Auch Antenne Bayern wage noch "Experimente in der Nische", demonstrierte der Musikchef des landesweiten Programms, Justus Fischer, anhand der "Live-Kantine". Dabei spielten neue oder noch nicht so bekannte Künstler ein exklusives Live-Konzert für 300 Antenne Bayern-Hörer in der Kantine des Senders. Die Medialeistung durch Live-Übertragung, Werbespots, redaktionelle Beiträge u.ä. sei mit umgerechnet mehr als 70.000 Euro gewaltig, rechnete Fischer vor. Die Plattenfirma müsste lediglich den Künstler bereitstellen.

In der abschließenden Diskussion unterstrich der Leitende Ministerialrat Dr. Hansjörg Kuch von der Bayerischen Staatskanzlei die Vorreiterrolle Bayerns. Durch einen Runden Tisch habe man erreicht, dass sich die großen Pop-Programme Bayern 3 und Antenne Bayern, aber auch die bayerischen Lokalsender, selbst zu konkreten Maßnahmen zur stärkeren Berücksichtigung von deutschsprachiger Musik und zur Förderung von Newcomern verpflichtet hätten.

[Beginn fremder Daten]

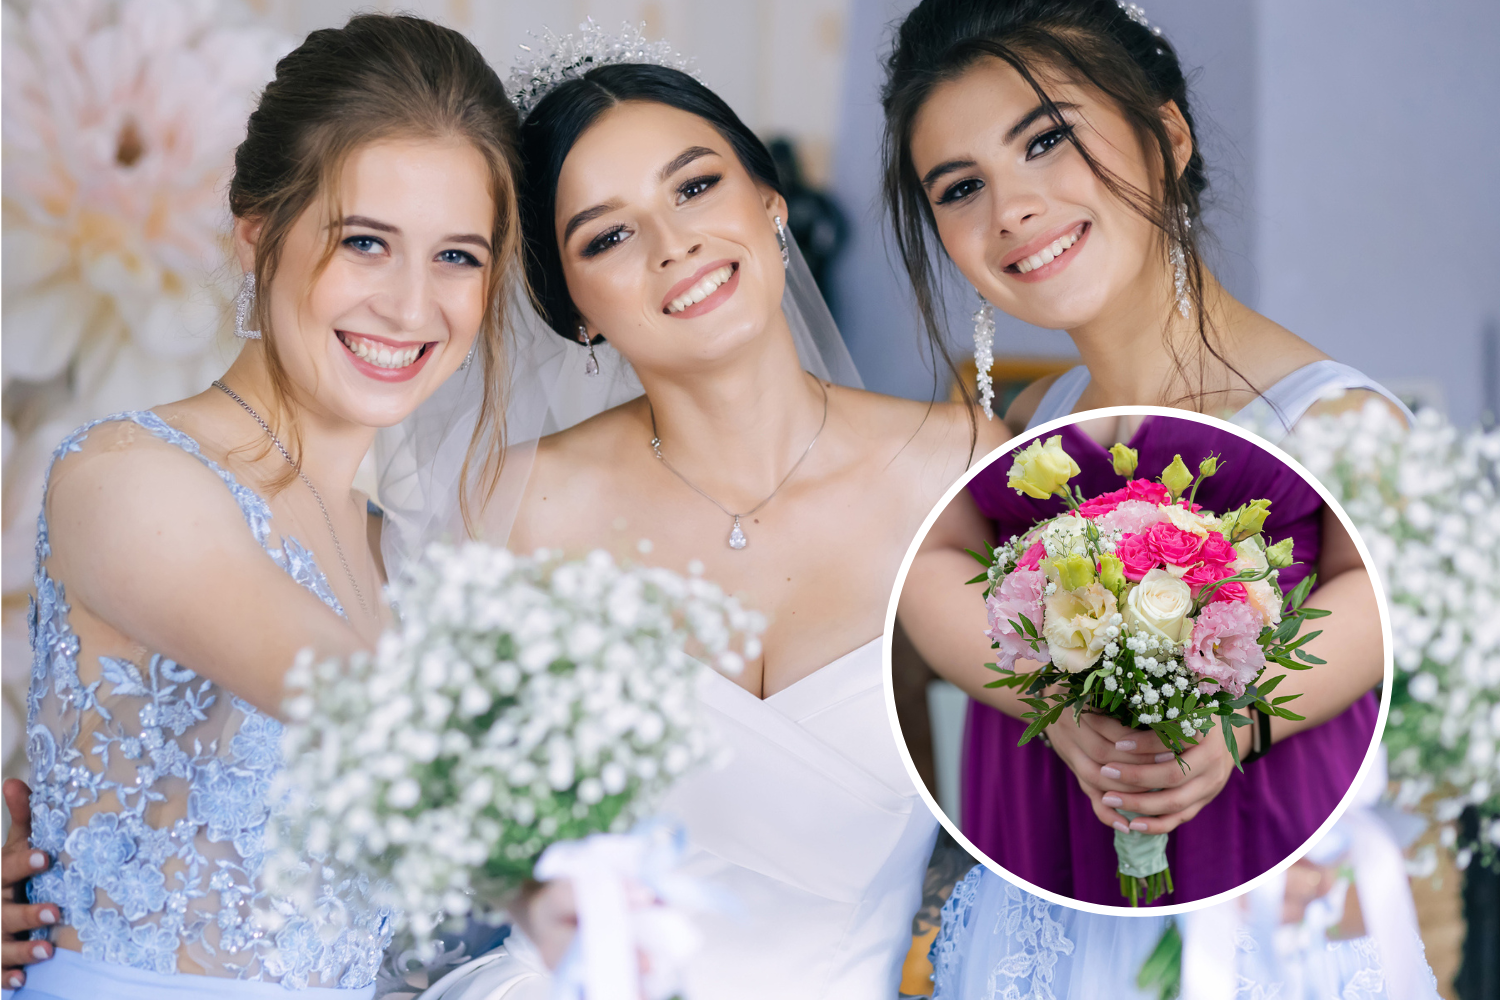 bridesmaid dress colors
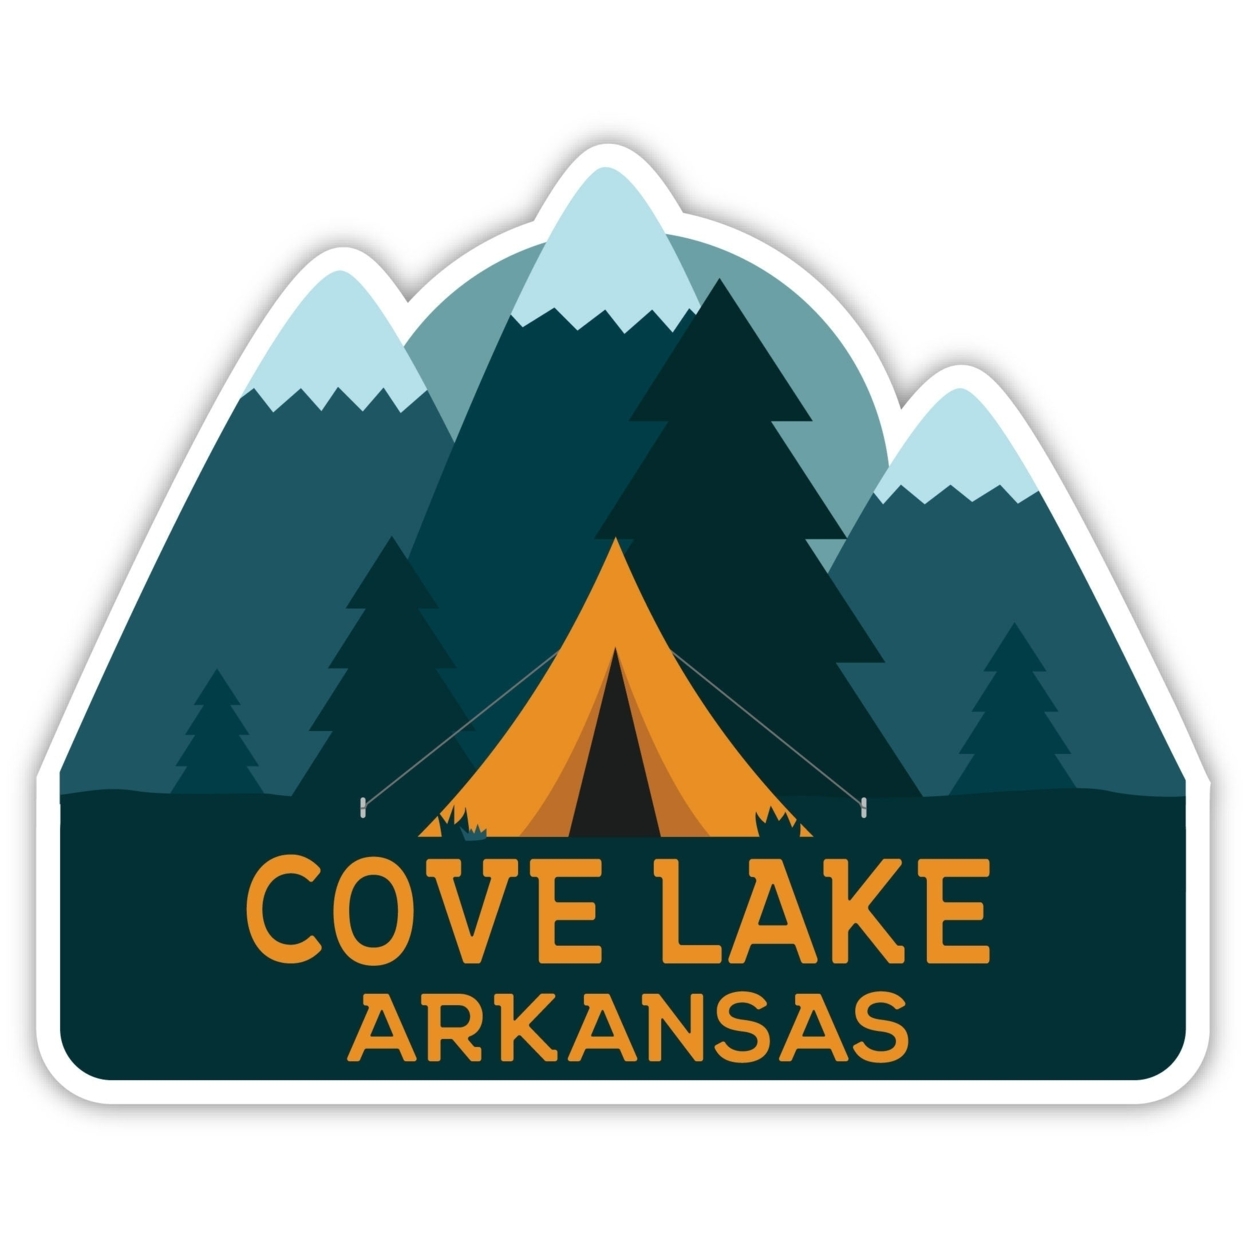 Cove Lake Arkansas Souvenir Decorative Stickers (Choose Theme And Size) - 4-Pack, 10-Inch, Tent

In der Plenumsdiskussion signalisierten Radiomacher wie Musikmanager noch einmal ihre Bereitschaft zur besseren Zusammenarbeit. Dass rechtzeitige Absprachen beiden Seiten helfen können, bestätigten sowohl Musikredakteure als auch Plattenpromoter. Die Musikindustrie dürfe aber auch nicht ausschließlich für die Formatradios produzieren, warnte Peter Zombik, Geschäftsführer des Bundesverbandes der Phonographischen Wirtschaft. Dies führe sonst zur künstlerischen Verarmung. Es bewege sich derzeit sehr viel in der Musikproduktion, aber leider in einer statischen Struktur, die keine Vielfalt zulasse. Hier reichten die Marktmechanismen allein nicht aus, die Politik müsse Hilfestellung leisten. Der Münchener Popjournalist Karl Bruckmaier erinnerte daran, dass die Gier der Musikindustrie schon des Öfteren "ihre eigenen Kinder gefressen" habe, z.B. die Neue Deutsche Welle in den 80ern oder jüngst den deutschen HipHop. Gleichzeitig sprach er sich dagegen aus, einheimische Künstler zu verhätscheln - sie müssten sich vielmehr im Markt gegen internationale Künstler durchsetzen. Wenn Radiomacher und Musikindustrie durch Veranstaltungen wie die heutige lernten, sich gegenseitig besser zu verstehen, fasste Peter Zombik abschließend zusammen, dann bewegten sie sich gemeinsam in die richtige Richtung - und von neuen Kooperationsmodellen profitierten am Ende beide!